MORE people in Barnsley entered insolvency last year, new figures show.

Figures from the Insolvency Service show 699 people in Barnsley entered insolvency in 2024, up from 596 the year before.

A person becomes insolvent when they are unable to pay their debts and are left with a choice of declaring bankruptcy or taking on other measures to pay them back.

The insolvencies last year in Barnsley were made up of 28 bankruptcies, 233 debt relief orders and 438 individual voluntary arrangements. Overall, the area had a rate of 35 insolvencies per 10,000 adults.

The figures revealed significant regional disparity, with the rate of personal insolvencies highest in the north-east at 33 per 10,000 adults.
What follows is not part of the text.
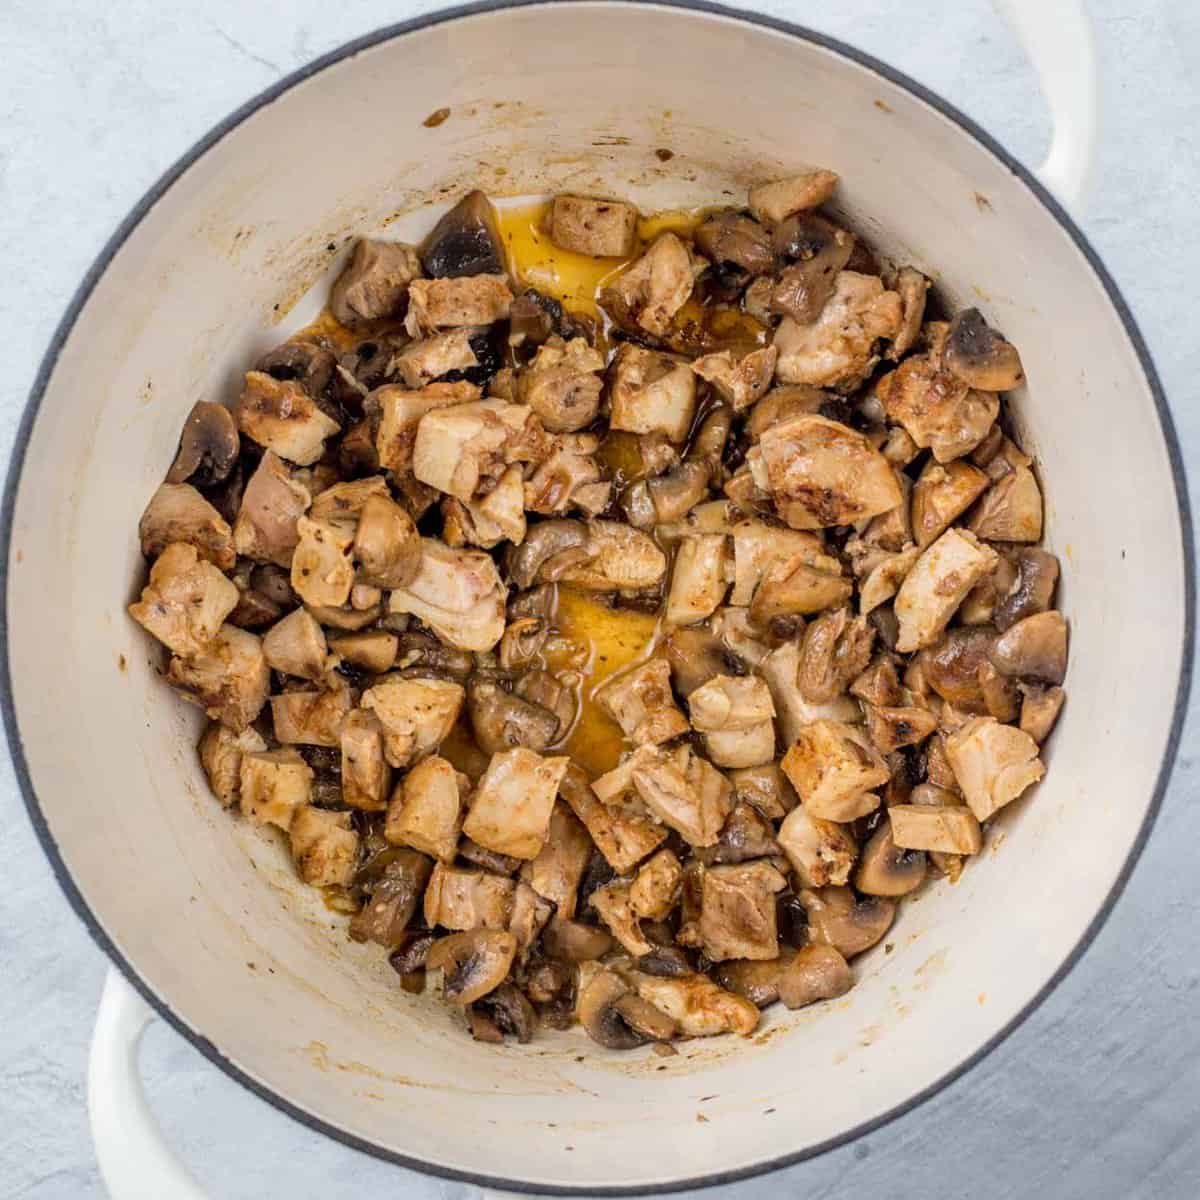 A pot with the cooking chicken and mushrooms.

Meanwhile, it was lowest in London at 15 per 10,000.

Grace Brownfield, head of influencing and communications at the Money Advice Trust, said the rise in personal insolvencies is a ‘sign of the significant impact high costs have had on people’s finances’.

She added: “With household budgets being stretched even further, we’re seeing more people falling into difficulty and needing to access an insolvency option to deal with their debts.

“The consistently higher rate in the north-east could indicate the impact of longstanding economic inequalities in the region such as historically lower wages, higher unemployment and a greater reliance on industries vulnerable to economic instability, all made more prevalent as the cost-of-living crisis continues.”

The figures also show the insolvency rate for women – 27 per 10,000 – was higher than for men – 22 per 10,000 – for the eleventh successive year.

Similarly, the rate in Barnsley was 38 per 10,000 for women and 33 per 10,000 for men.

Simon Trevethick, head of communications at StepChange, said the regional and gendered differences are ‘not a surprise’.

He added: “Whilst the drivers of debt are complex and wide, we consistently find that certain regions and demographics are over-represented in our client base.

“Specifically, women are overrepresented among people seeking debt advice, as almost two-thirds of our clients are women.

“What’s more, our client stats show that women have a higher average expenditure and a lower average income than men – meaning their ability to pay debts or seek financial support is more difficult.”